Studio album by Latto
- Released: March 25, 2022
- Recorded: 2020–2022
- Genre: Hip-hop
- Length: 32:54
- Labels: RCA; Streamcut;
- Producers: Ant Clemons; Bankroll Got It; Beat Butcha; BongoByTheWay; BoogzDaBeast; Coop the Truth; D.A. Got That Dope; Diego Ave; Dis; Dr. Luke; FnZ; Hollywood Cole; jetsonmade; June James; Latto; Luke Crowder; Mike Dean; OG Parker; Pharrell Williams; Pooh Beatz; Romano; Sage Skolfield; Sean Solymar; Sonny Digital; TenRoc; Vaughn Oliver;

Latto chronology
| Queen of da Souf (2020) | 777 (2022) | Sugar Honey Iced Tea (2024) |

Singles from 777
- "Big Energy" Released: September 24, 2021; "Soufside" Released: November 5, 2021; "Wheelie" Released: March 11, 2022; "Sunshine" Released: April 26, 2022;

= 777 (Latto album) =

777 is the second studio album by American rapper Latto. It was released through RCA Records and Streamcut on March 25, 2022. The album features guest appearances from 21 Savage, Lil Wayne, Childish Gambino, Lil Durk, Nardo Wick, and Kodak Black. Production on the album was handled by Sonny Digital, Dr. Luke, FnZ, jetsonmade, D.A. Got That Dope, and Pharrell Williams, among others. It serves as the follow-up to her debut studio album, Queen of da Souf (2020).

==Background==
In an interview with Complex, Latto said that she was experimenting with various sounds and genres on the album to showcase her versatility, including pop, R&B, trap, and rhythmic vibes. She said that she had started working on it right after her previous album, Queen of da Souf (2020), and recorded the first song from the album in that year. She also explained why she chose the title of the album: Seven is God's number, so it just started with that. From a younger age, seven has always been my favorite number. And then triple—it triumphs 666, or overcomes 666. It became a part of my brand when I changed my name to Latto in reference to the lottery and casino, hitting the jackpot is 777. But it already had a meaning to me. It just somehow aligned with my career.

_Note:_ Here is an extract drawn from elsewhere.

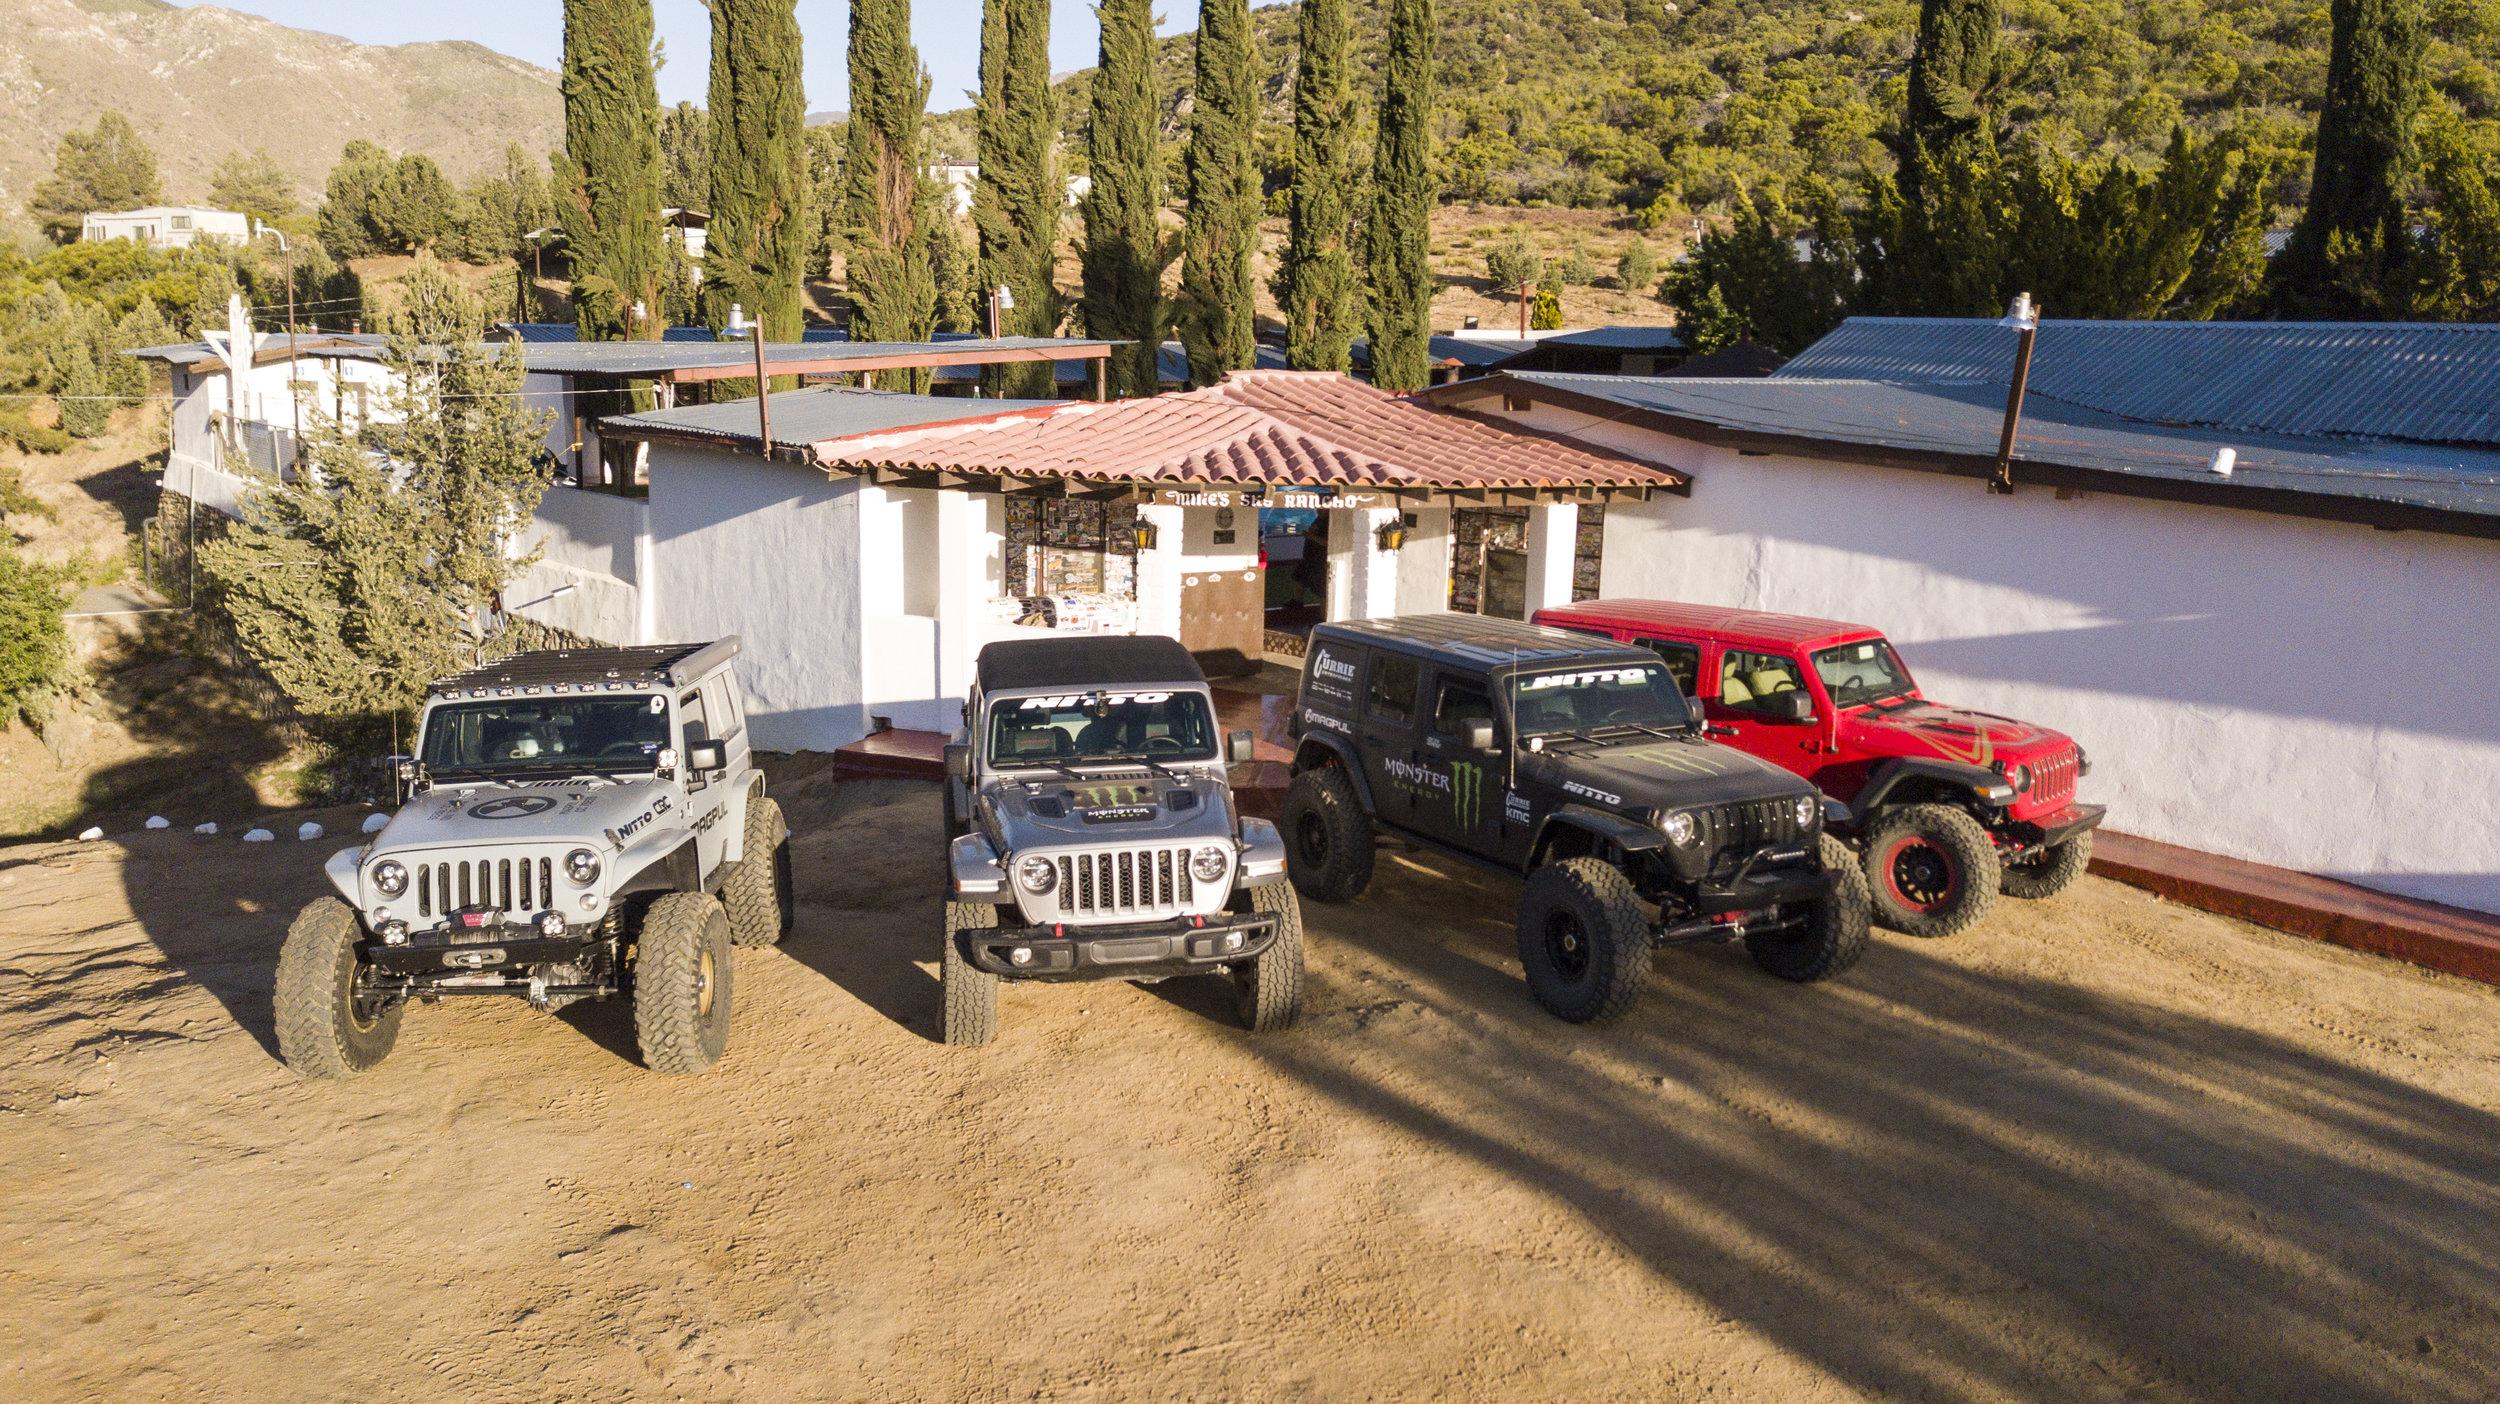 6_24_CaseyCurrie_Baja500PreRunning_BajaMexico_Jeep_007.jpg

About a week before the album was released, she sat down for an interview with The Breakfast Club, in which she claimed that a male artist featured on a song from the album tried to engage in sexual activity with her and make it hard for her to clear a sample. Fans assumed that this was Kodak Black, considering previous comments he had made related to the topic, but he later denied that it was him. Latto also denied that it was 21 Savage.

==Release and promotion==
Latto announced the album and its release date alongside its cover art on March 14, 2022. A week later, she revealed the tracklist for her album.

===Singles===
The lead single of the album, titled "Big Energy", was released on September 24, 2021.

The second single of the album, titled "Soufside", was released on November 5.

The third single of the album, titled "Wheelie", featuring a guest appearances from an Atlanta-based rapper 21 Savage, was released on March 11, 2022.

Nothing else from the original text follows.